Boletim do Sefras - Como co-fundador do Cefran, você poderia relembrar o nascimento desta obra?
Betinho
- O Cefran era um projeto novo, quase um piloto no Brasil, pois tinha uma peculiaridade que o diferenciava dos demais, que até então atendiam pessoas vivendo com Aids, como aquele de dava apoio jurídico, ou o que dava só assistência social, o que oferecia cesta básica, medicamentos ou era uma casa de apoio para quem não tinha moradia. O Cefran, não. Ele nasce com uma nova proposta de luta contra a Aids, no momento em que a doença no Brasil passava pela fase mais crítica e que chamávamos de "Holocausto da Aids". Não existiam drogas, não existia tratamento e as pessoas morriam muito rapidamente. Em quatro ou cinco meses de descoberta da doença, vinha todo aquele processo de degradação física e, em seguida, o óbito. E a proposta iluminada que Frei Reynaldo teve foi essa de criar um Centro de promoção do indivíduo em três dimensões: corpo, mente e espírito. Na época, sem os medicamentos, tinha-se de buscar uma forma de viver com as ferramentas disponíveis, buscando o equilíbrio nas três dimensões. Na época, o projeto foi apresentado ao nosso provincial Frei Estêvão (Ottenbreit) - o Frei Caetano (Ferrari) era o vice e Fr. Augusto Koenig, hoje ministro provincial, era o guardião do Convento - e Frei Reynaldo me perguntou se voltaria para São Paulo - eu estava trabalhando e Santos - se o projeto fosse aprovado. Disse que sim.
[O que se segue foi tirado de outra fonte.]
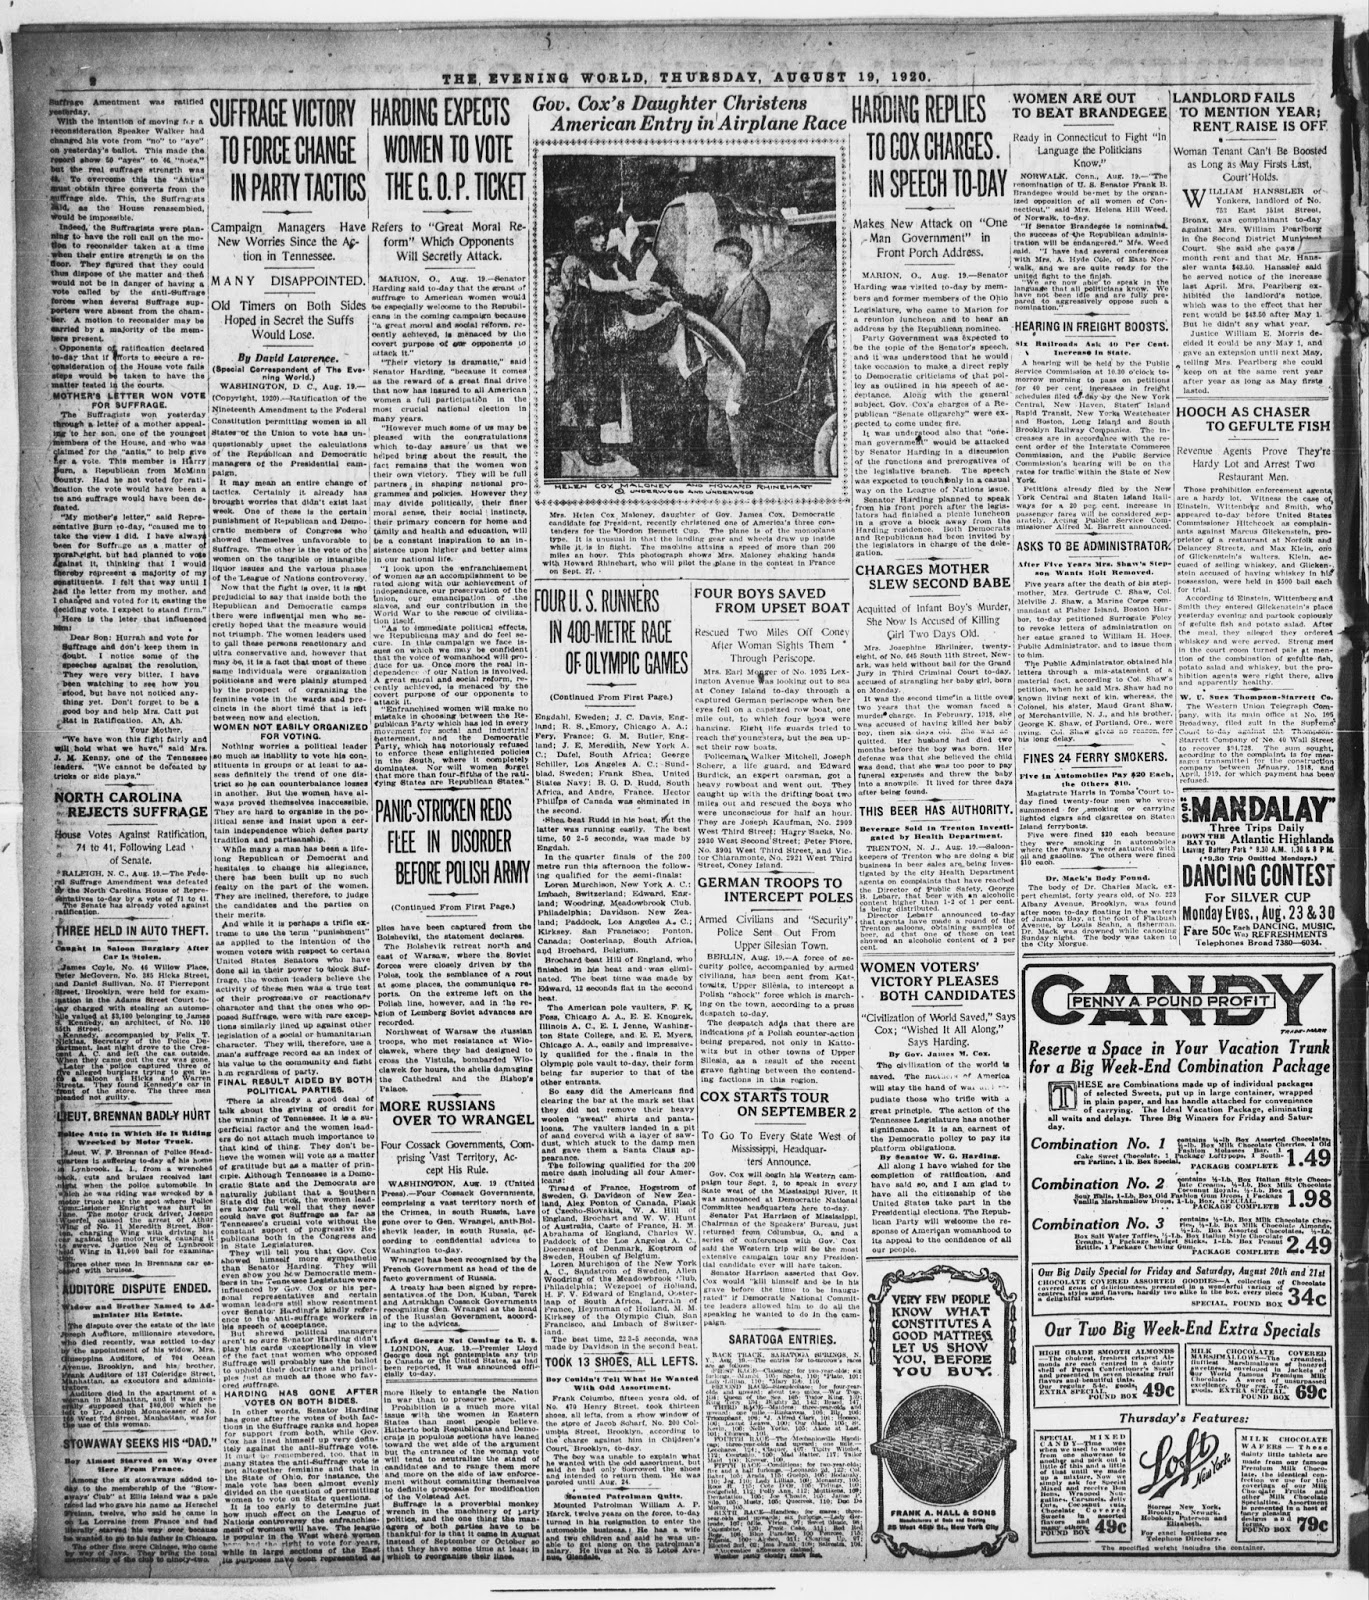 the evening world thursday august 19 1920

Boletim do Sefras - E o projeto foi aprovado?
Betinho
- Foi aprovado e eu cheguei aqui no começo de agosto. No primeiro momento, a gente foi trabalhar onde era o Porta Aberta. Ficamos com duas salas e fomos em busca de recursos. No dia 3 de setembro de 1994 tivemos uma bela missa de inauguração. Me lembro que distribuímos rosas para toda a Igreja, que estava muito lotada. Nós divulgamos bem. A gente chamou de a "Missa de Saúde dos Enfermos". Ela tinha uma visão mais ampla: não era só para a Aids. Todos que estavam doentes vieram e foram ungidos com óleo. Ali nascia o Cefran. Me lembro de um dado muito interessante. Quando eu e o frei Reynaldo abrimos a porta do porão - hoje é a hospedaria -, estava tudo escuro, nada funcionava. Só havia uma salinha que funcionava como depósito do Pró-Vocações. Quando entramos naquela escuridão, olhamos para a cara de um do outro e perguntamos: "por onde que a gente começa?". Só tínhamos um papel na mão aprovado. Vamos começar pelo básico: cada um pegou uma vassoura e começamos a limpar. A gente tinha um sonho e precisava materializar esse sonho.

Boletim do Sefras - Como encarar a Aids quando o Cefran estava começando?
Betinho
- Talvez as pessoas que são afetadas pela epidemia hoje não tenham mais a noção do que foi a Aids no Brasil nos anos 90. Só para ilustrar, no início da epidemia há um fato curioso: o maior número de homossexuais de São Paulo estava na região da Santa Cecília e esses dados foram levantados porque ali estava o maior número de suicídios de pessoas morando em São Paulo. Quando se descobriam portadoras do vírus, atiravam-se dos prédios. No final dos anos 80 e início dos 90, quando a Aids tomou a proporção de epidemia mesmo - porque antes estava escondidinha -, a gente via situações horríveis. Nos finais de semana chegávamos a ir a três e quatro velórios ao mesmo tempo. Nós víamos amigos que estavam bem, saudáveis, e de repente em quinze dias ele começava a definhar , definhar, definhar, até morrer. Hoje, os remédios enchem as prateleiras e as pessoas brigam porque está dando dor de barriga. Na época, não tinha nada. O AZT era comprado a 600 dólares, sendo que uma caixinha dava apenas para quinze dias e a gente hoje sabe que ele só é eficiente associado a outras drogas. Mas era o que tinha e as pessoas se arrebentavam para poder comprar o tal do AZT, que hoje custaria R$ 2 mil reais. Quando as pessoas começaram a bater na nossa porta, a gente se deparou com pessoas extremamente doentes, e aí o Cefran descobriu um novo perfil: doença, preconceito, dor, sofrimento e pobreza. Essa população não ia a outras entidades buscar atendimento. E se iam, tinham uma assistência social só de balcão: "olha, leva uma cesta básica e vai para casa". Elas não traziam para acolhida, para o abraço, como fez São Francisco ao beijar o doente: "o que era amargo tornou-se doçura do corpo e da alma". Então, o Cefran vem e faz essa inversão.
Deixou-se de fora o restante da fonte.